Посмотри в глаза чудовищ. Гиперборейская чума
Шрифт:
— Так вы признаете, что тут очень темная аура?
— Разумеется, — и незаметно от мальчика подмигнул его спутнице. Та двинула бровью.
— Вы ведь знакомы с Эшигедэем? — продолжал Эдик. — Наверняка! Оттяжный мэн, а главное, он на самом деле многое умеет. Я точно знаю, что он мертвых поднимает, и они с ним говорят. Публике этого, конечно, не покажешь… И говорят …я не знаю, правда или нет, будто бы он способен дать бессмертие. Разумеется, тем, кто ему понравится. Было бы здорово, правда? Я иногда задумываюсь — и прихожу к выводу, что смерть совсем не обязательна.
— Эшигедэй талантлив, — сказала девушка. — Я не могу уловить, когда у него кончается механический фокус и начинается искусство. Он лучше Копперфилда. Я уже не говорю про пластику.
— Мне показалось, что он зол и насмешлив, — сказала Ираида.
— А как иначе? — пожала плечами девушка. — Разве сейчас можно иначе?
— Почему же нельзя?
— Ну, знаете… Кто пойдет смотреть, если не будет… всякого такого.
— Ничка, будь чики, — с обидой в голосе встрял Эдуард. — Я ведь говорил не о фокусах. Эшигедэй обладает какой-то удивительной силой, совершенно необычной, и эту силу он иногда демонстрирует в узком кругу. Это рассказывал Тогоев, а я ему верю, потому что у Тогоева совсем нет фантазии. Кстати, я его не видел последние дни, и сегодня он не пришел. Когда я иссыхал, он был единственный, кто носил мне апельсины…
— А с Рогачом ты не знаком? — спросил доктор. — Я вообще-то хотел бы именно с ним пообщаться…
— Он скучнейший, — сказала Ничка, изобразив зевок. — С ним даже трахаться скучно, я уж не говорю о прочем. Только Эшигедэй может его построить, и тогда Ромик что-то выдавит из себя. Иногда какушку, а иногда — шедевр. Смешно. Сам он разницы между тем и тем — не видит. Смешно…

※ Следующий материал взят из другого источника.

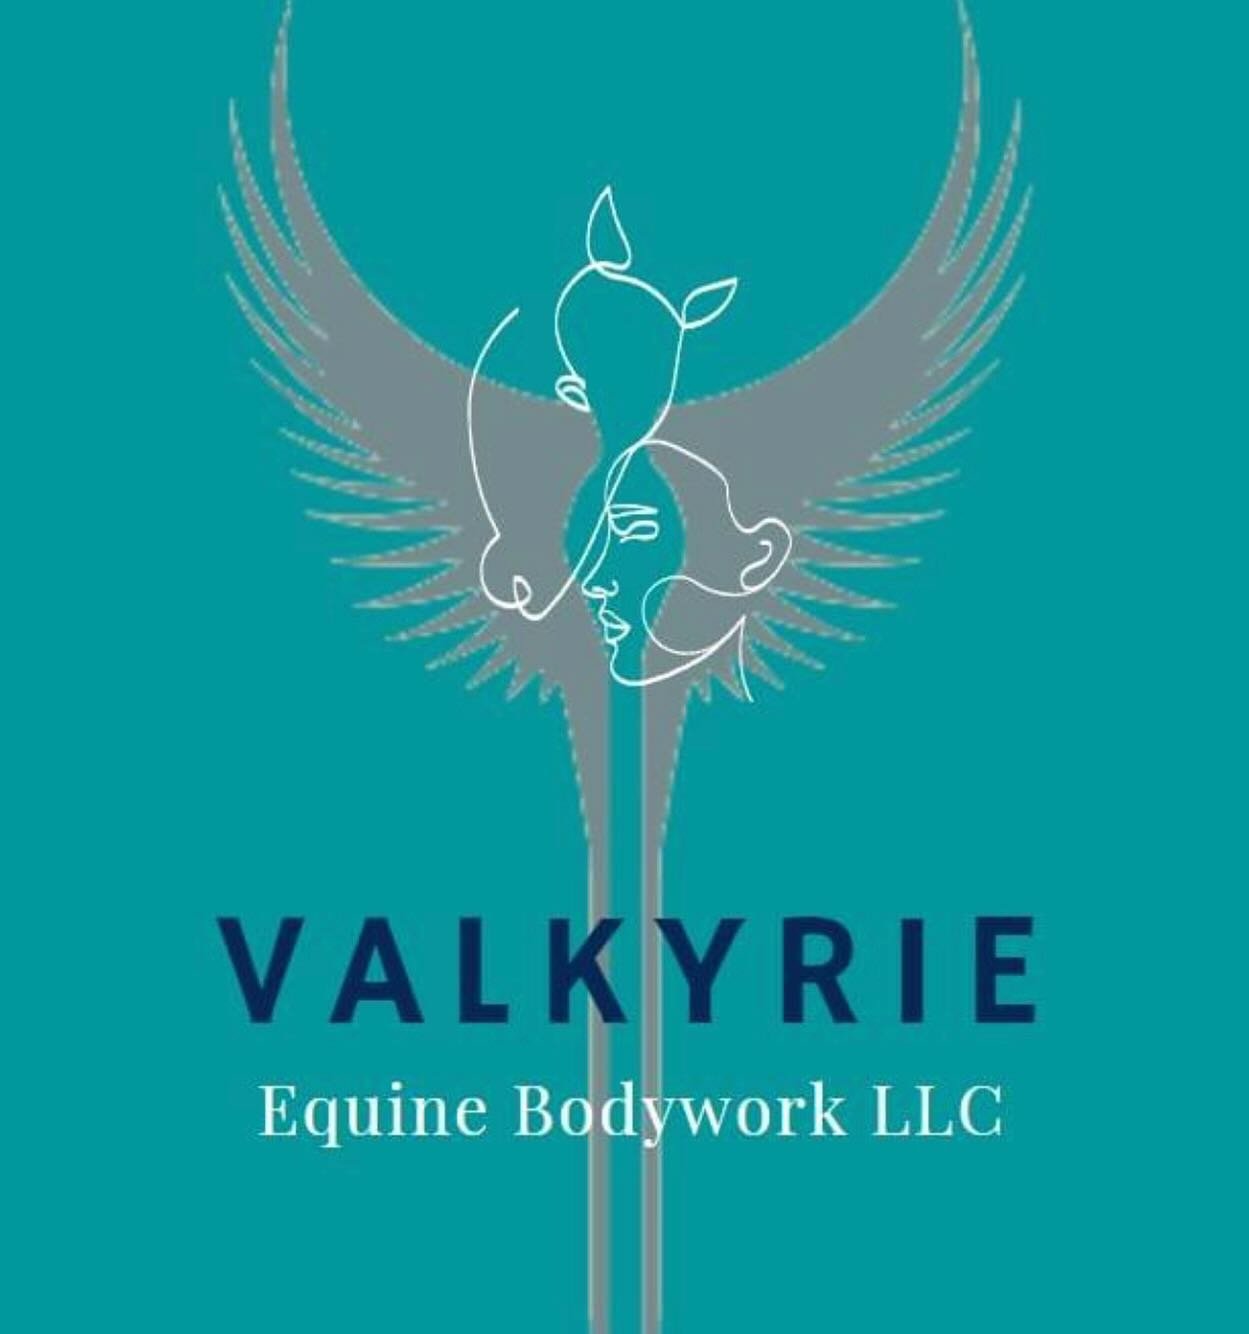 My Instagram for Valkyrie Equine Bodywork is officially live! Please follow my page for news and updates (like becoming MMCP certified)!

— Он улетел в Прагу. Ставит там балет о высадке на Луну. Когда я иссыхал, он приходил и измерял меня. Просил, чтобы я такой остался. Ему нужны были ходячие кости. Так вот, о бессмертии. Тогоев говорил, что можно сладить такой хэппенинг, в котором несколько человек умрут или сильно заболеют, но один или два — обретут вечную жизнь, и не где-то и когда-то, а прямо сейчас, сразу. И будто бы Эшигедэй…
— Простите, я невольно подслушал, — сказал, оборотясь, Сильвестр. — А что будет делать этот несчастный бессмертный в день Страшного Суда? Ведь ему все дороги будут заказаны…
— Неужели вы еще верите в какой-то грядущий Страшный Суд? — изумился Эдик. — Все уже свершилось четырнадцать лет назад, и вот это, вокруг — лишь видимость. Думаете, для чего сухой закон вводили? Э-э!.. Сама жизнь равновелика катастрофе, концу мира. Все расползается, гаснет, опадает. В ментале заводятся черви.
— Это ужасно, — с чувством сказал Сильвестр.
Тем временем Крису, похоже, надоела роль скромного фонотворца, и он, подхватив прочих музыкантов, начал «What a Wonderful World».
— Вообще не понимаю я устроителей, — с досадой сказал Эдик. — Обещали Шурy пригласить, а тут — черт знает кто…
— Вы внукам будете рассказывать, — сурово произнесла Хасановна, — что вживую слушали Вулича. Хотя… какие у вас могут быть внуки…
— Заводить сейчас детей — преступление, —
— Зачем заводить, — хмыкнула Ираида, — берите тех, которые на батарейках.
— Ничто не остановит «энерджайзер»! — подхватила Хасановна.
Эдик смешался.
— Правда, — сказал доктор, — давай музыку послушаем.
— Вообще-то я выпить хотел, — сказал Эдик. — Насмотришься всякого… и как бы нельзя не выпить.
— А вы специализируетесь тоже по ауре? — спросила Ираиду его спутница со странным полуименем Ничка. — Или…
— Отчасти, — сказала Ираида. — Я ставлю защиту.
— О-у! — воскликнула Ничка. — Астральную или ментальную? А мне можете поставить?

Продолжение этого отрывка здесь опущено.